If you have ever made the effort to stay still during these arising feelings and sensations, you may also have noticed something else: whatever it is, that was calling your attention in one moment, will fade when you have ignored it for some time – only to be replaced by another distraction. This little game of the mind will keep going for quite some time. However, if you manage to stay still, and if it is a good day, the pulling of the mind may eventually cease and leave you to just be.

These experiences bring us three very important insights.

One: the mind will try to pull our attention away at first – we need to learn how to be still.

Two: if we practice and manage to stay still, not giving in to the pulling of the mind (we don`t scratch, we don`t fix our clothes, we don`tchange our position, we don`t get up and leave), the feelings and sensations will first begin to wander, then eventually cease.

Which leads us to the most important insight of all: we are the ones who are in control. We alone decide what is important and what has an impact on us in life. Which, applied to what we encounter in our daily lives, has the potential to shift our energy towards an uplifting, positive outlook on the world that will help us to be content with what is, instead of focusing on what is not.

There is one little story that had a huge impact on me when I was first becoming a yoga teacher. I completed my first teacher training with Sivananda in an Ashram on the Bahamas. It was an intense time full of changes and shifts and the Ashram life came with some restraints. One of them was the amount of free time that was granted to us. The days were packed full and we had just the right amount of time to eat, rest and complete out homework with not a minute to spare. I had met a man not long before making my way to the Ashram and was crazy in love. We only managed to talk a few times during this month for a couple of minutes. After one of our talks I got up and noticed that my body was covered in mosquito bites. I had not even noticed the myriads of mosquitoes that had found their way into my tent during our talk.

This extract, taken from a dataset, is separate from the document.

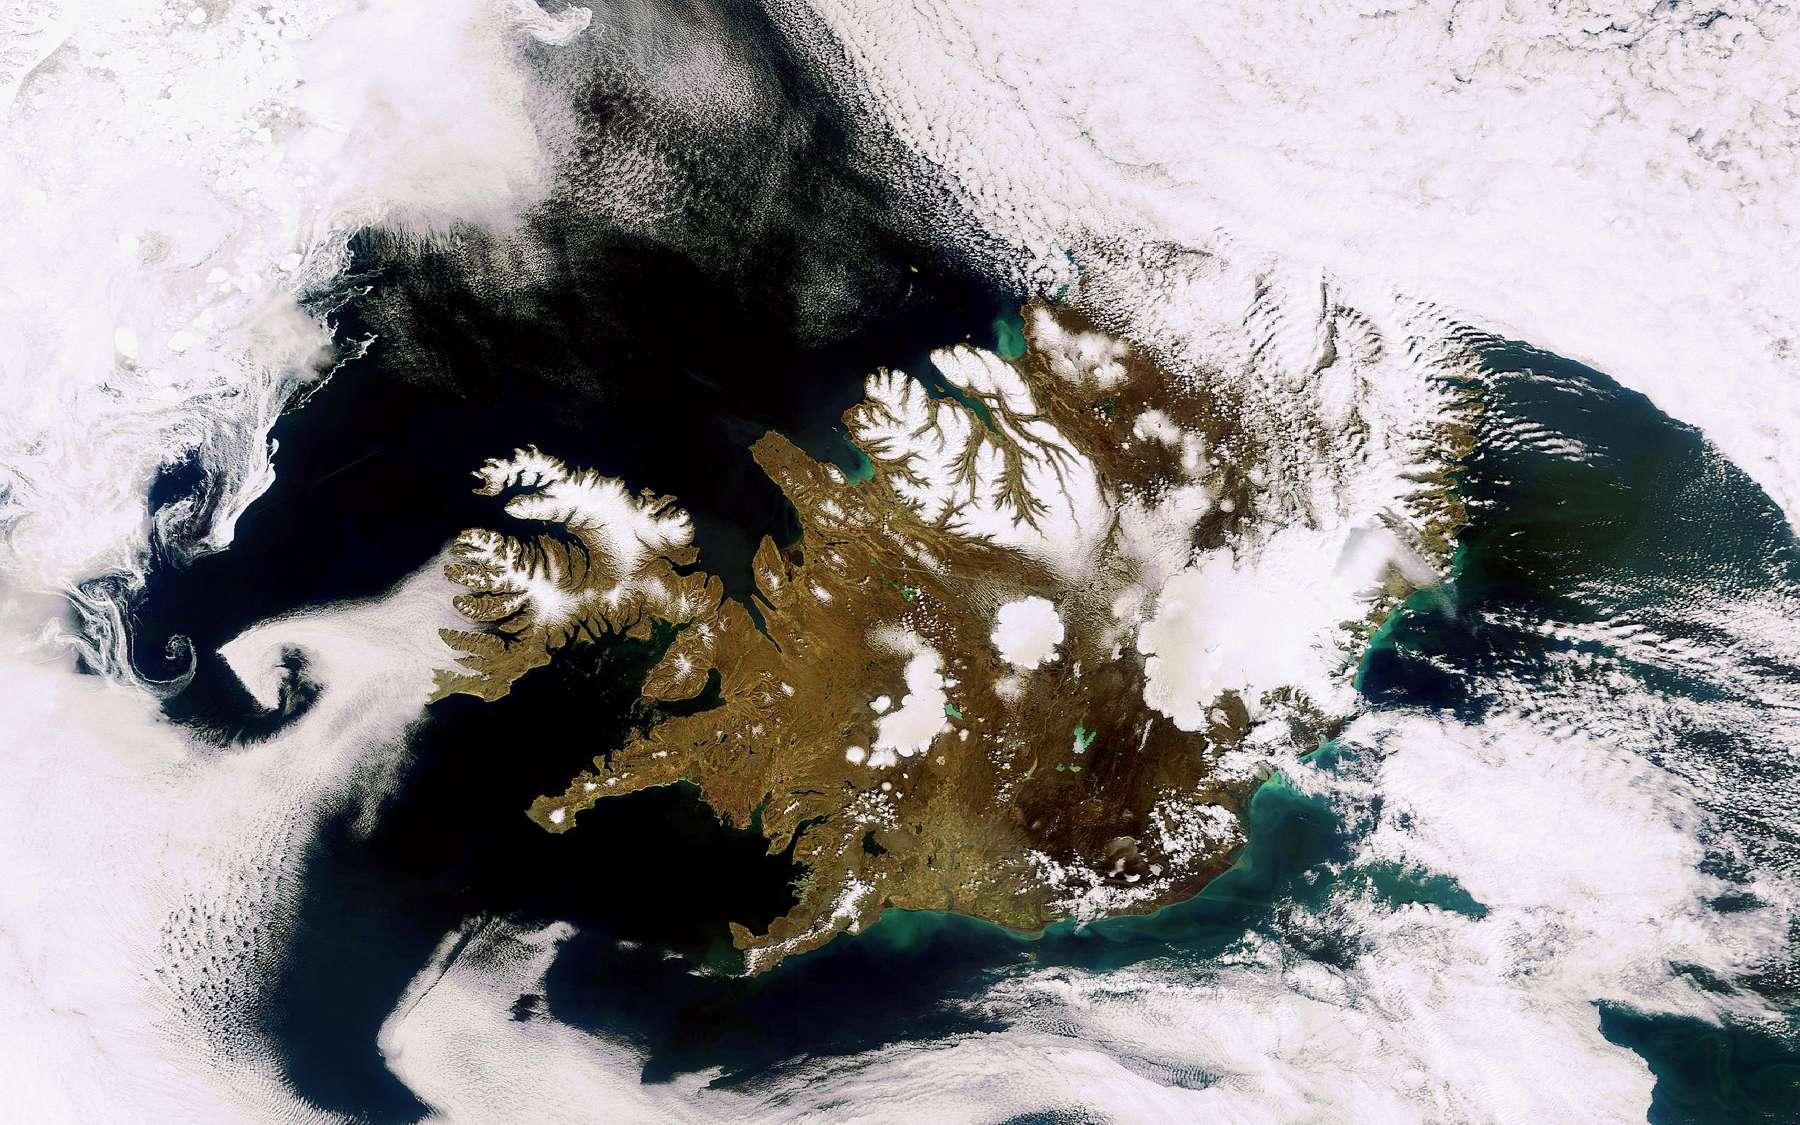 L'imprononçable volcan islandais fait l'objet d'une surveillance satellitaire qui permet de suivre son activité. L'image qui illustre cet article a été prise le 24 mai 2010 par la caméra Meris (Medium Resolution Imaging Spectrometer) d'Envisat avec une résolution de 300 mètres. Elle montre le fameux volcan Eyjafjallajokull qui ne fume plus. Les différentes teintes de vert visibles dans la mer sont dues aux alluvions charriées par les eaux. Crédit Esa

That same evening, I settled in for our daily 20 minute evening meditation. Only a few seconds into the meditation I noticed a mosquito buzzing around me. My mind was instantly alert. And then it struck me: it is now, in the stillness, that I give my mind the permission to pull my attention away. I felt instantly challenged and managed to stay still for the remainder of the time. Which left me with a few bites but some crucial insights that were worth every itch.